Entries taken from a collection
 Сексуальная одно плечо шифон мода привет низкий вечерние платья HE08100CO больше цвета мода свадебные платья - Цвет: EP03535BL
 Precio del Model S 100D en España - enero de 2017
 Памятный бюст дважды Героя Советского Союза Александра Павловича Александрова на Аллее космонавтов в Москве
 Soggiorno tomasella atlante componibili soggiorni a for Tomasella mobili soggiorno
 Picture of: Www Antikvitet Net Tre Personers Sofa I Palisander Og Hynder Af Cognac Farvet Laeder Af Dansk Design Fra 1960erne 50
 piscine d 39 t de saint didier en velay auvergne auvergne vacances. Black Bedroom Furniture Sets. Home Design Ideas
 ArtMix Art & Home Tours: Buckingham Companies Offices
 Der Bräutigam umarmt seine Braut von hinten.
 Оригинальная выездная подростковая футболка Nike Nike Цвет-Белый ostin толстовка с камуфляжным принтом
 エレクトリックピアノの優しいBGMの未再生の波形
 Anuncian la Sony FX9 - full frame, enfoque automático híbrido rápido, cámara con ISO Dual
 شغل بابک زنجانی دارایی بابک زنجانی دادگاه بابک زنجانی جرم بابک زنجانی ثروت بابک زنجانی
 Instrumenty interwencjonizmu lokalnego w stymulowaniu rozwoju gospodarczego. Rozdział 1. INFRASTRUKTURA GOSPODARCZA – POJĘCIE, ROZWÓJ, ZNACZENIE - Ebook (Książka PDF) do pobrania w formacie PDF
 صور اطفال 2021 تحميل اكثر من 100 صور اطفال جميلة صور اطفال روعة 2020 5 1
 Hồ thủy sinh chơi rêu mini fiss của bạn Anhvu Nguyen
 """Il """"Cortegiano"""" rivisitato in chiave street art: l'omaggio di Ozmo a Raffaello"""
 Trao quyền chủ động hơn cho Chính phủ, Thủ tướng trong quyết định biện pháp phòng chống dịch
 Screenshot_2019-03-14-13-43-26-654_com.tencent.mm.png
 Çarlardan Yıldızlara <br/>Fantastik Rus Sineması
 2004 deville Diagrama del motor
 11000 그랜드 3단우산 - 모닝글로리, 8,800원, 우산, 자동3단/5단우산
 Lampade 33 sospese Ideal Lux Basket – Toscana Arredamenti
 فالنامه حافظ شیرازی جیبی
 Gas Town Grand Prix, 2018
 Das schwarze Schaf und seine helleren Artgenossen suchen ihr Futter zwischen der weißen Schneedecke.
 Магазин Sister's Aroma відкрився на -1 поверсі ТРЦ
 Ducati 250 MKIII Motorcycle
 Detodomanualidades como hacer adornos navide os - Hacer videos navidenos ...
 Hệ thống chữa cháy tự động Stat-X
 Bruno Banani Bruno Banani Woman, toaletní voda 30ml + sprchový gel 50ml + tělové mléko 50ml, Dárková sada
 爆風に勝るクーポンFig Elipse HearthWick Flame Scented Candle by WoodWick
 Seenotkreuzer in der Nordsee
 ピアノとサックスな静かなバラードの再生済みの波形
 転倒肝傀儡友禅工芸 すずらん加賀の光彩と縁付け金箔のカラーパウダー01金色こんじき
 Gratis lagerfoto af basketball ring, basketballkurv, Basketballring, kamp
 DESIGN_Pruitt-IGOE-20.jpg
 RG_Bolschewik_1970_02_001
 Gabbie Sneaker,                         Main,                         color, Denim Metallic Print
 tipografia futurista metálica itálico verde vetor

◆ **Goal of the exercise**: From the records above, tally every line that includes the word "Home" and reply with the total by itself.

◆ **Answer space**: 2